~ Archive for PageRank ~

Defending your Domain Name

metaxas - July 14, 2014 @ 5:23 pm · Filed under PageRank, Propaganda, Web Spam, Ελληνικά

I recently had the uninvited opportunity to defend my domain name, metaxa.net, and I am writing this post because it may be useful to others who find themselves in such a position. The good news: You do not need to be a lawyer to do it yourself and the arbitration system works reasonably well. The bad news: You need to do a bit of reading and writing.

I registered and own metaxa.net since 1999. Back then it was essential to own a domain name since, at that time, there were no services to upload and share your photos, no easy ways to have email addresses for you or your family members, and the only clouds around were still up in the sky unable to store any files you may need while away from your office.

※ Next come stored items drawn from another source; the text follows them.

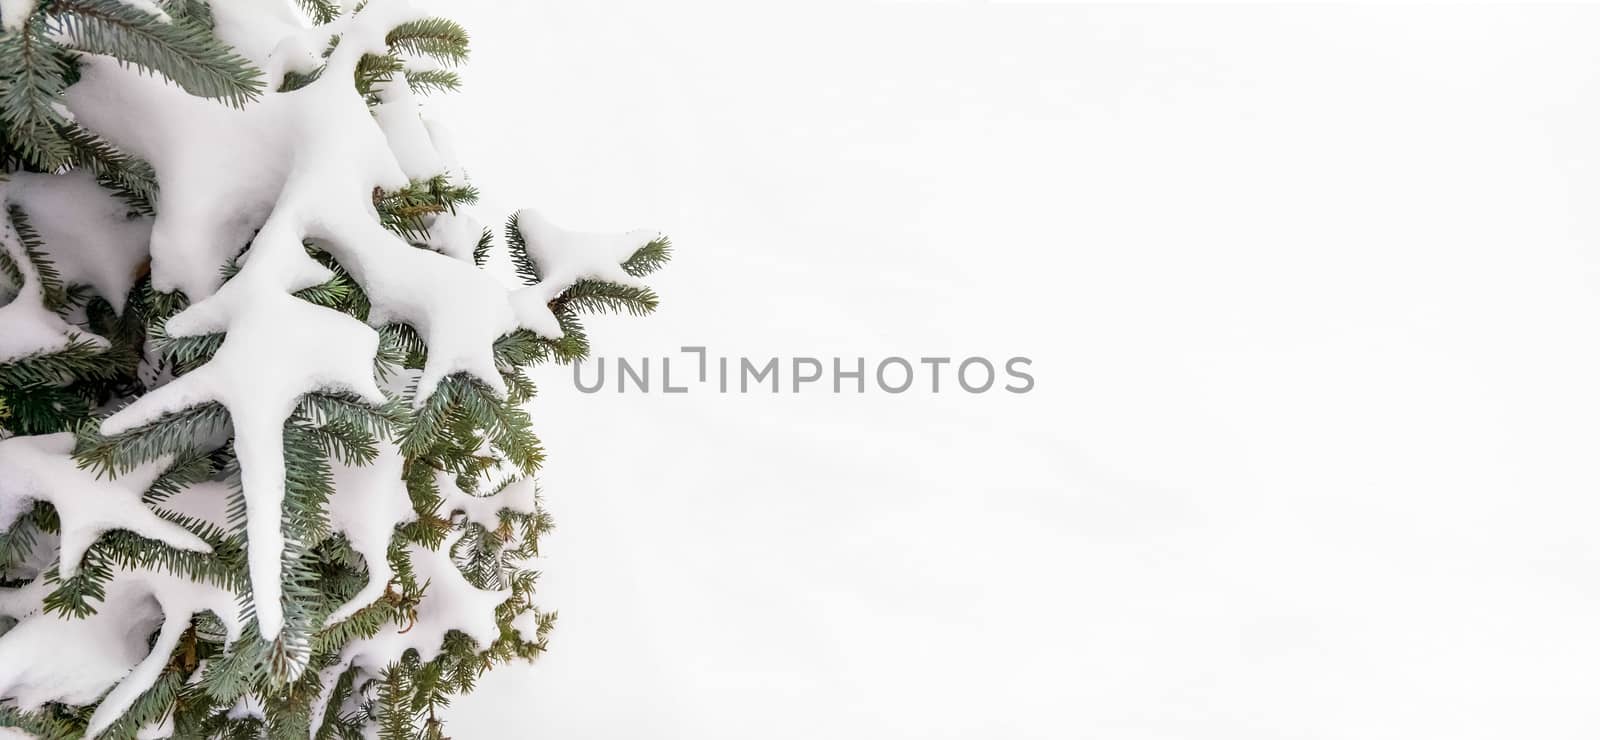 Snow on a Fir Branch by MaxalTamor
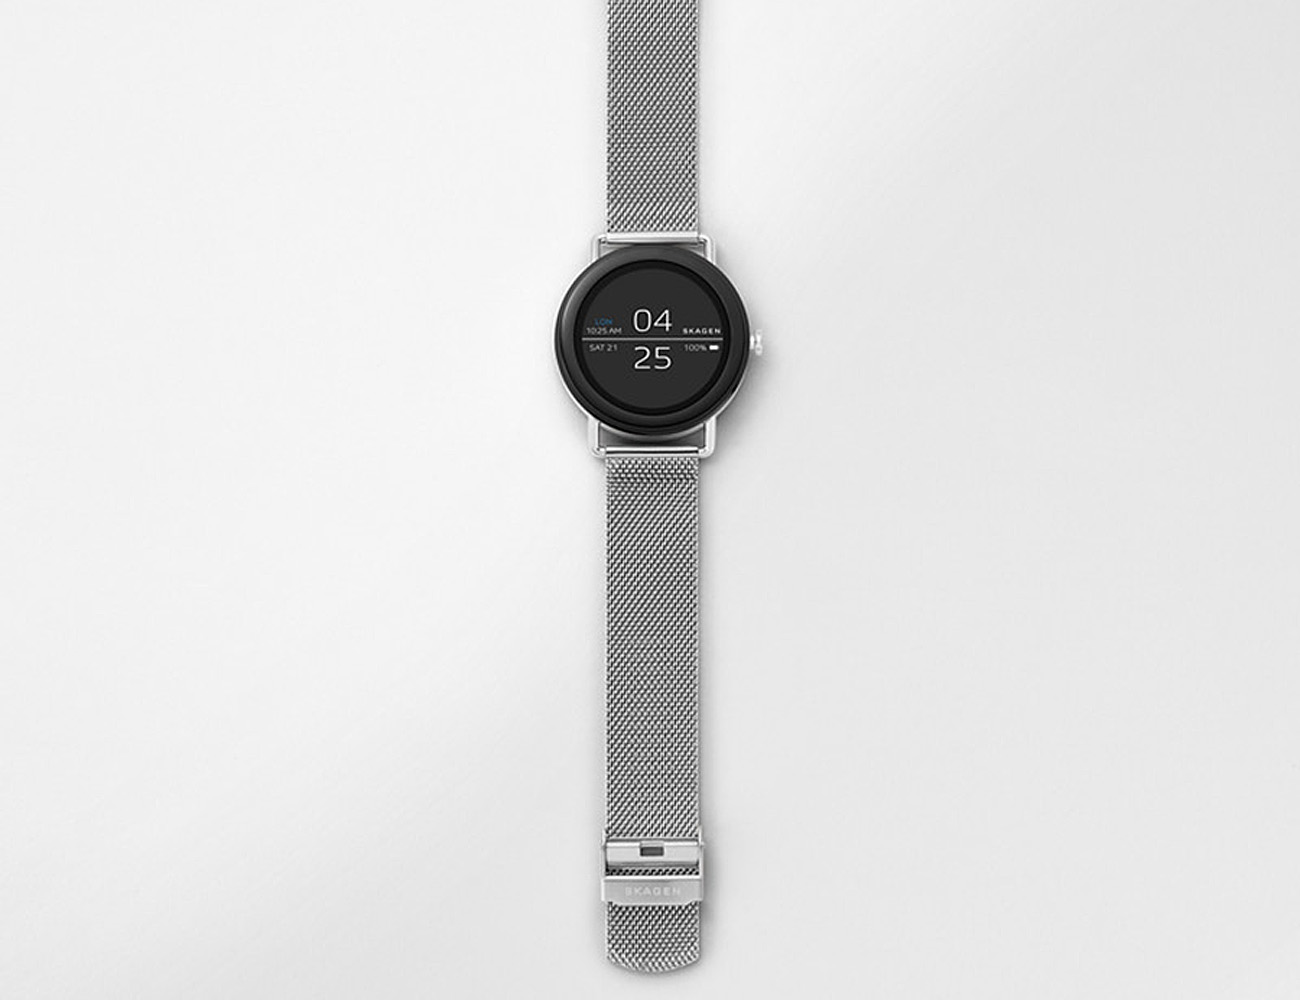 Skagen Falster Steel Mesh Android Wear Smartwatch
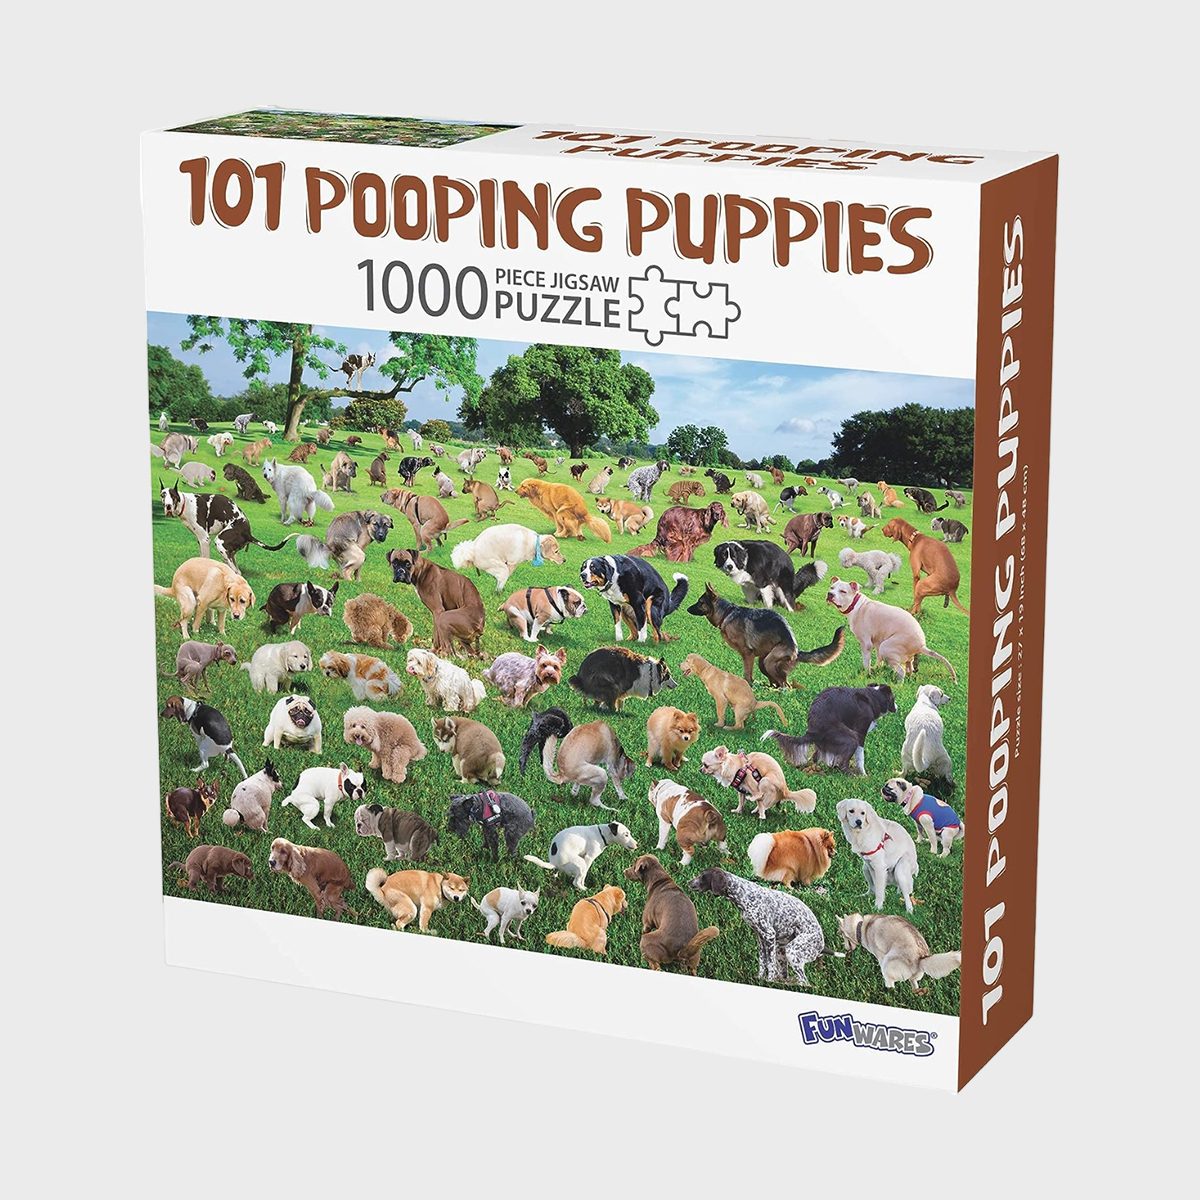 101 Pooping Puppies Puzzle Ecomm Via Amazon.com

As the Web services expanded to cover everything under the sun, the above uses became secondary, and I started utilizing the domain name for other reasons. In 2004 I had started a line of research to discover how Web Spammers succeeded in gaming search engines and place their bogus postings in the top-10 page of relevant search results. Back then it was thought that the “PageRank” algorithm was like “42”: the answer to everything (related to the Web). We now know that search engines can be gamed, and that they spend considerable resources to avoid Web Spam.

[Side note: My research led me to discover the reasons that search engines can be gamed — pretty much for the same reasons we, humans, can be fooled. Web Spammers were using techniques very similar to the propagandistic techniques that politicians, advertisers and financial criminals are using to persuade us to vote for something, buy something or invest in something. I presented my work initially at AIRWeb 2005 (Web Spam, Progaganda and Trust) but if you are interested to read more you should check the journal version (Web Spam, Social Propaganda and the Evolution of Search Engine Rankings).]

Anyway, to implement a technique of discovering Web Spam sites I needed a method to evaluate similarity between Web site contents. It helped to have a Web site containing text that is unbiased towards a particular theme or product. Since there was nothing available online, I uploaded onto my own site a large collection of Associated Press news that were used by the TREC community. If you visited the top directory of metaxa.net you would be surprised to find huge files containing old news. But it was very unlikely that you would visit it. I did not include metaxa.net in any search engine listing, so it would never appear in your search results. Though I never planned to use metaxa.net as text repository, over the years it proved very useful. Many of my students used it to run their research projects, and after graduation some of them ended up working at Microsoft Bing and Google Search, fighting Web Spam on a regular basis.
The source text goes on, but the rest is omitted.